By Staff Reporter |
Scottsdale Unified School District (SUSD) is once again facing another Open Meeting Law complaint over a non-public advisory committee.
The complaint, filed last month with the Arizona Attorney General’s Office, claims that SUSD Superintendent Scott Menzel has again violated Open Meeting Law during his phased approach to closing schools.
The Scottsdale resident who filed the complaint told AZ Free News that he felt compelled to look into SUSD’s process for school closures in response to the community shock over the governing board’s decision to close Pima Elementary School and Echo Canyon School last December.
The closures brought $2.5 million in savings to the district. SUSD began looking into the closing and consolidating of schools, among other solutions, to address an $8 million budget deficit driven by declining enrollment.
This latest complaint claims that SUSD’s non-public Phase II Design Advisory Team was formed at the direction of the board and therefore required to be open to the public. Superintendent Menzel encouraged the governing board to authorize the design advisory team during a regular governing board meeting last November.
The next month, during the same meeting to close the Pima and Echo Canyon schools, the governing board discussed the design advisory team’s formation. In that meeting, Menzel and SUSD governing board president Donna Lewis strategized on ways for the board to direct the design advisory team’s formation but style it as a superintendent’s committee. The board indicated that it wanted Menzel to move forward with the team, but didn’t take a vote to create the team.
The design advisory team operates under the classification of a Superintendent Advisory Committee, which is exempt from Open Meeting Law requirements.
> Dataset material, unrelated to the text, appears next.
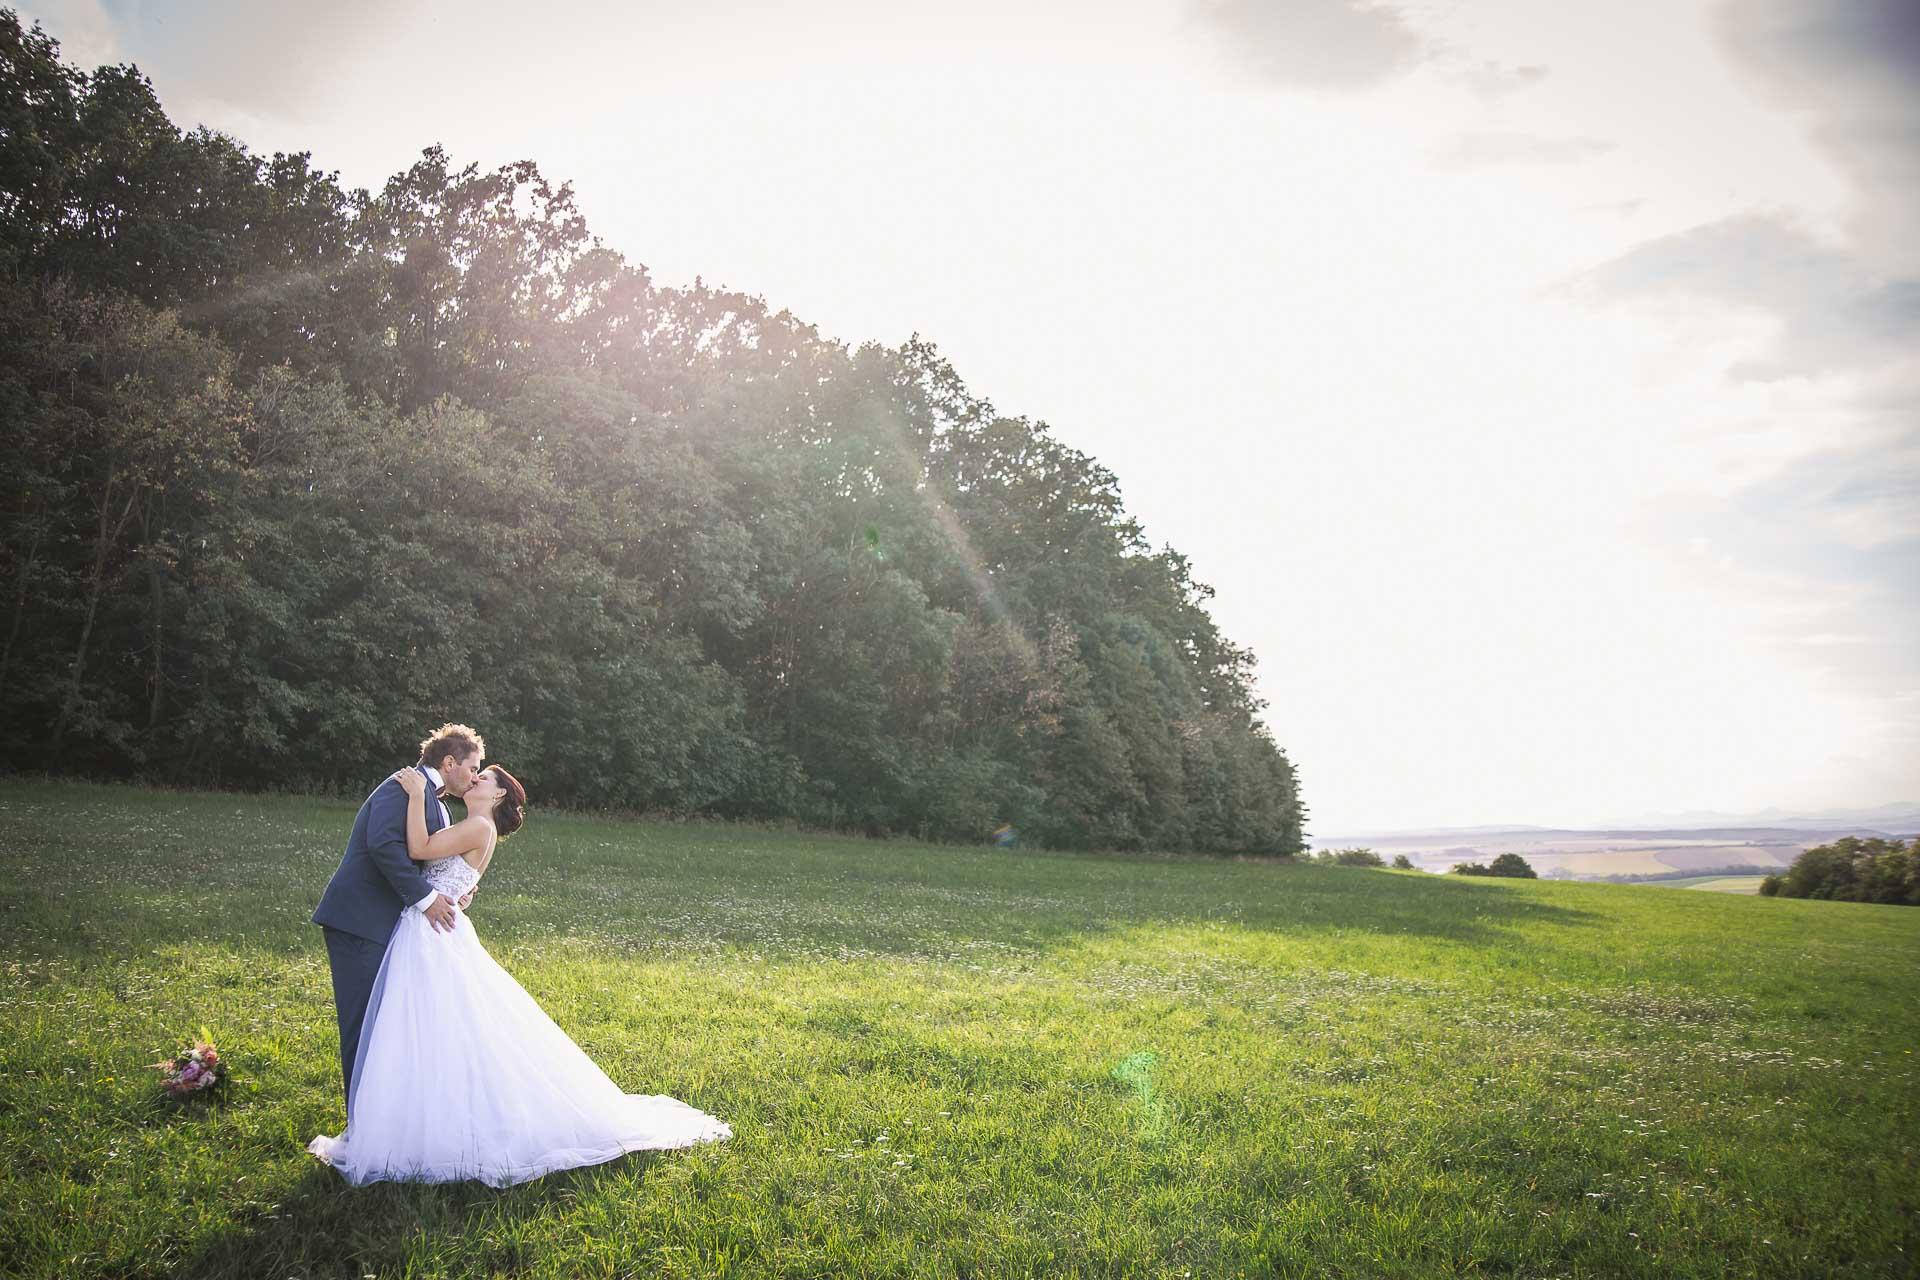 svatební-fotografie-Říp-svatební-video-ŘÍP-svatební-fotograf-ŘÍP-svatba-Mělník-svatba-Neratovice-fotograf-na-savtbu-kameraman-na-svatbu-367

The newly filed complaint alleges that the governing board’s involvement in the creation of the Phase II Design Advisory Team makes that classification untrue.
The Phase II Design Advisory Team is charged with crafting recommendations on schools to the board, including further closures or consolidations.
The resident behind the complaint told AZ Free News that he filed against the district after SUSD personnel denied him entry to one of the design advisory team’s meetings in person.
SUSD told AZ Free News that it hasn’t received notification of this complaint.
SUSD got into trouble last year for similar non-public advisory committees.
Last summer, Attorney General Kris Mayes found SUSD had violated Open Meeting Law for using advisory committees in a manner similar to the alleged violation outlined in the complaint.
“The Open Meeting Law does not permit a governing board to evade the public meeting requirements by ‘informally’ forming or establishing, or by directing a superintendent to establish, a committee to perform work that would otherwise need to be conducted in public,” stated Mayes. “[W]e caution against an overly narrow reading of the law focused exclusively on the circumstances of a committee’s creation.”
The Phase II Design Advisory Team has held five meetings since it began in March. The team consists of two facilitators, Karen Benson and Quintin Boyce, and 45 members.
28 parents or guardians on the team represent current students at 11 schools: Anasazi Elementary School, Cheyenne Traditional School, Copper Ridge School, Desert Canyon Elementary School, Desert Canyon Middle School, Desert Canyon Mountain High School, Redfield Elementary School, Laguna Elementary School, Saguaro Middle School, Mountainside Middle School, and Mohave Middle School.
Other team members include eight SUSD staff members, six homeowners in the community, one community organization member, and one university partner.